What is required:
The copy you give must match the listing below exactly and contain no pictures.

Data segment:
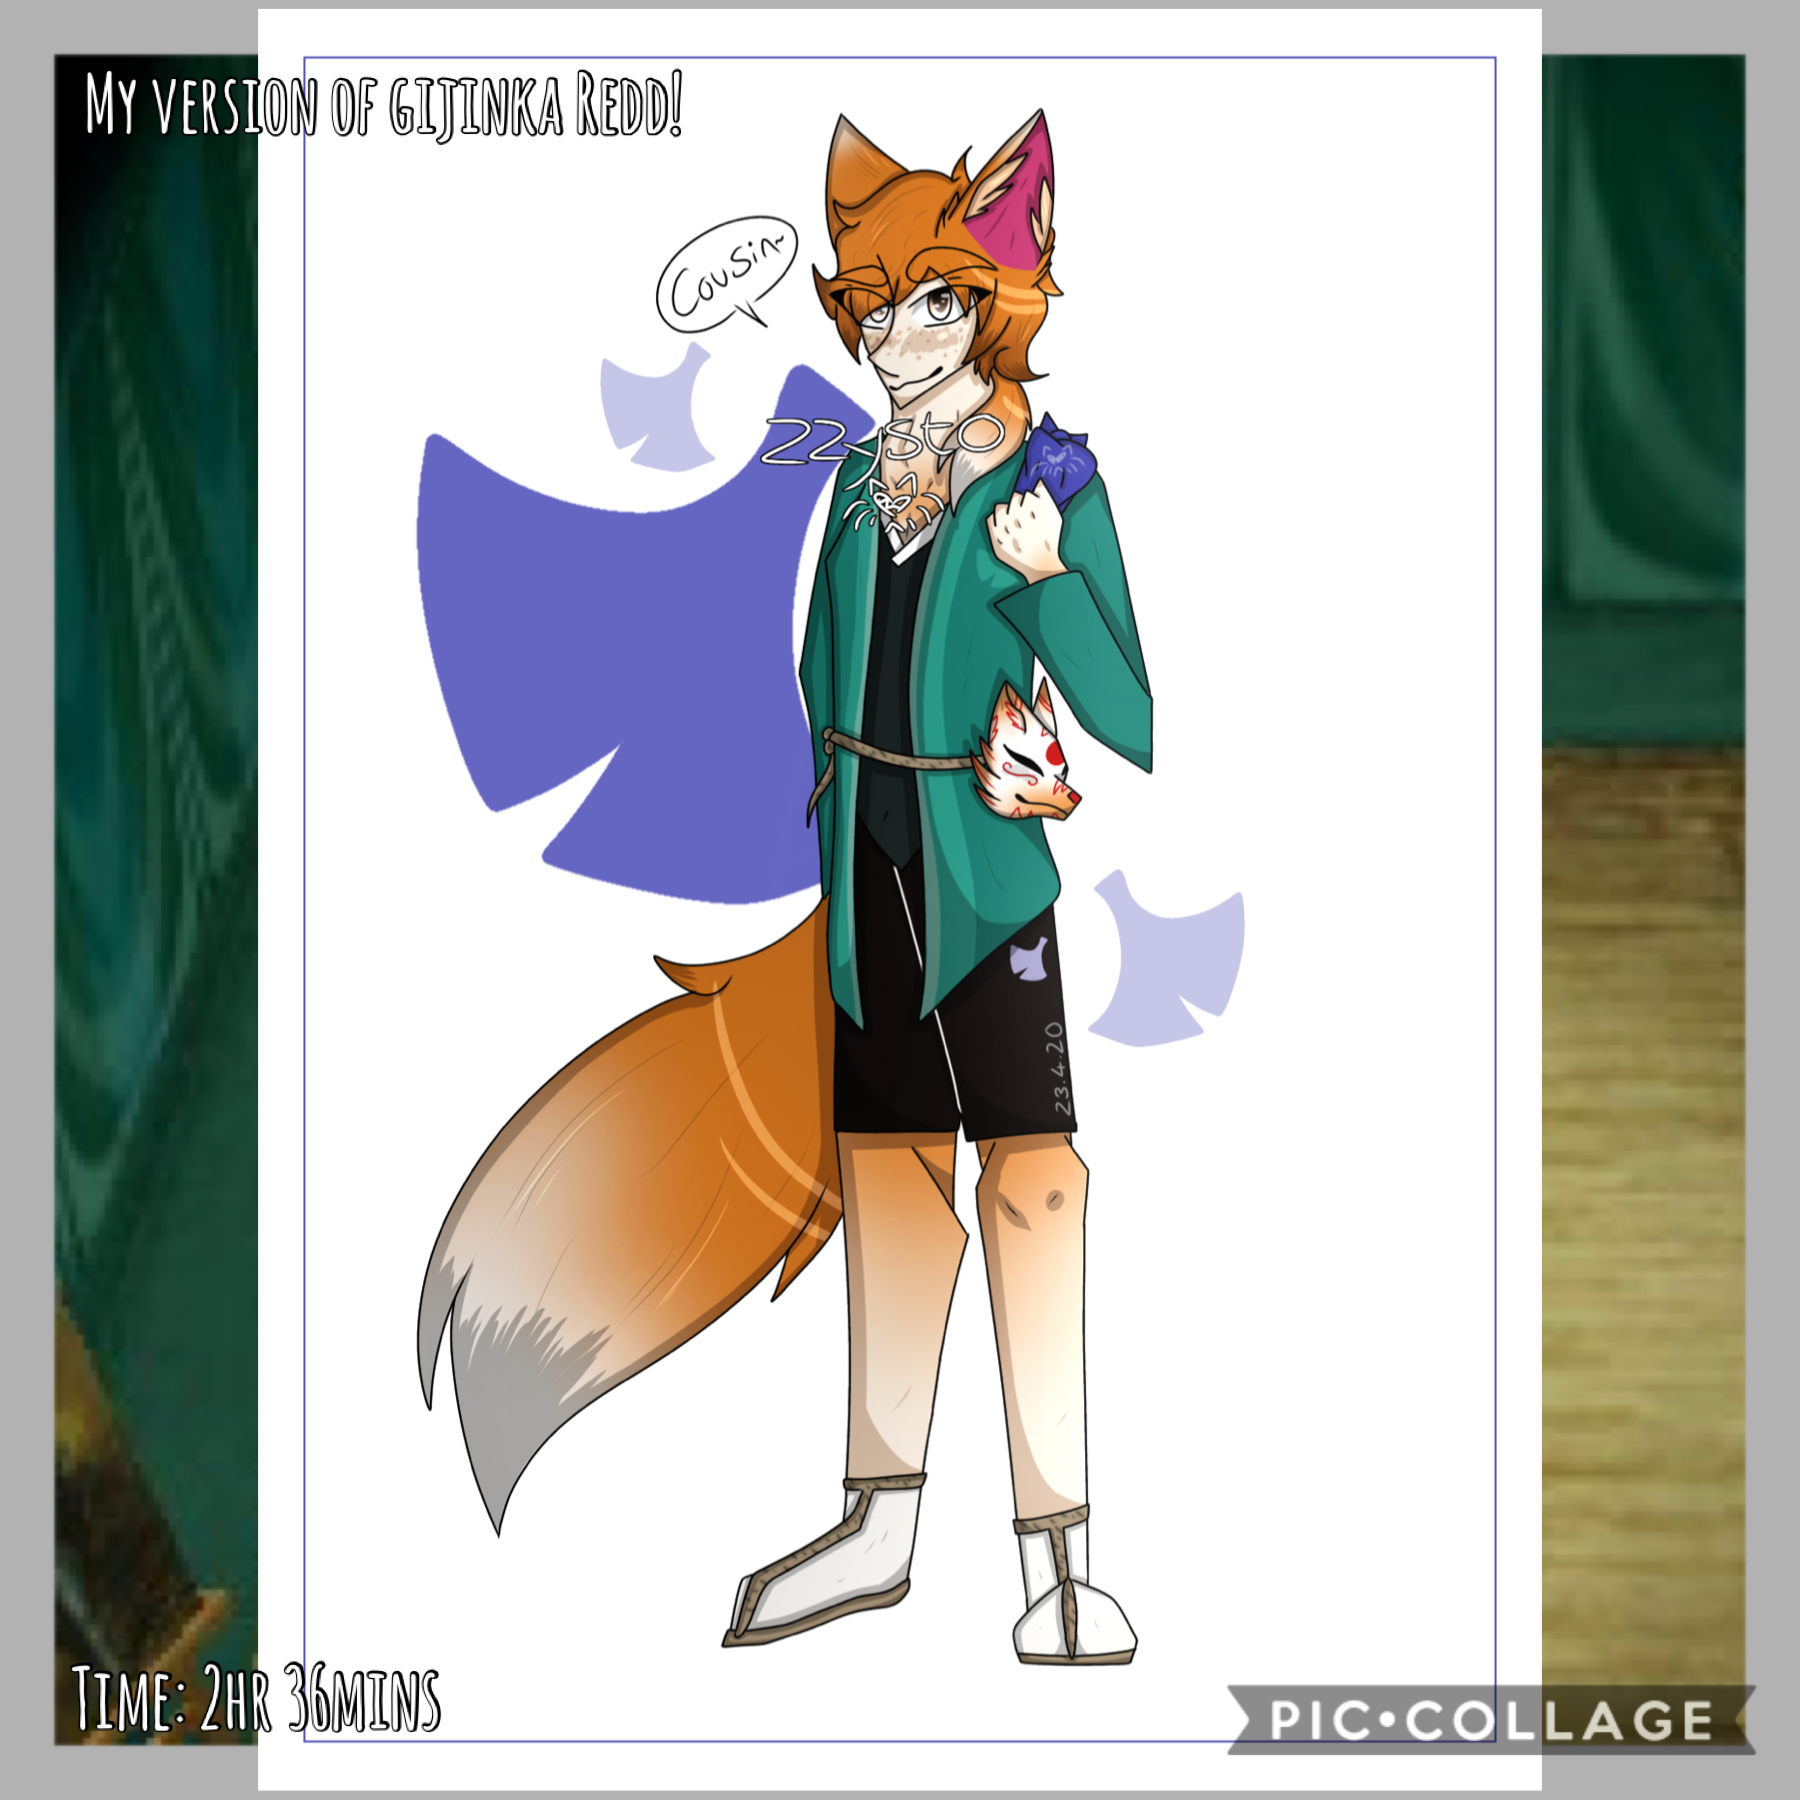 🦊Tap🦊
mm here’s another with my favourite merchant, Redd! 
Apparently here’s an ACNH update that introduces Redd today.? ee I’m glad they added him :]
shh I didn’t know how to show he was a kitsune, so I gave him a mask-

Response box:
 🦊Tap🦊
mm here’s another with my favourite merchant, Redd! 
Apparently here’s an ACNH update that introduces Redd today.? ee I’m glad they added him :]
shh I didn’t know how to show he was a kitsune, so I gave him a mask-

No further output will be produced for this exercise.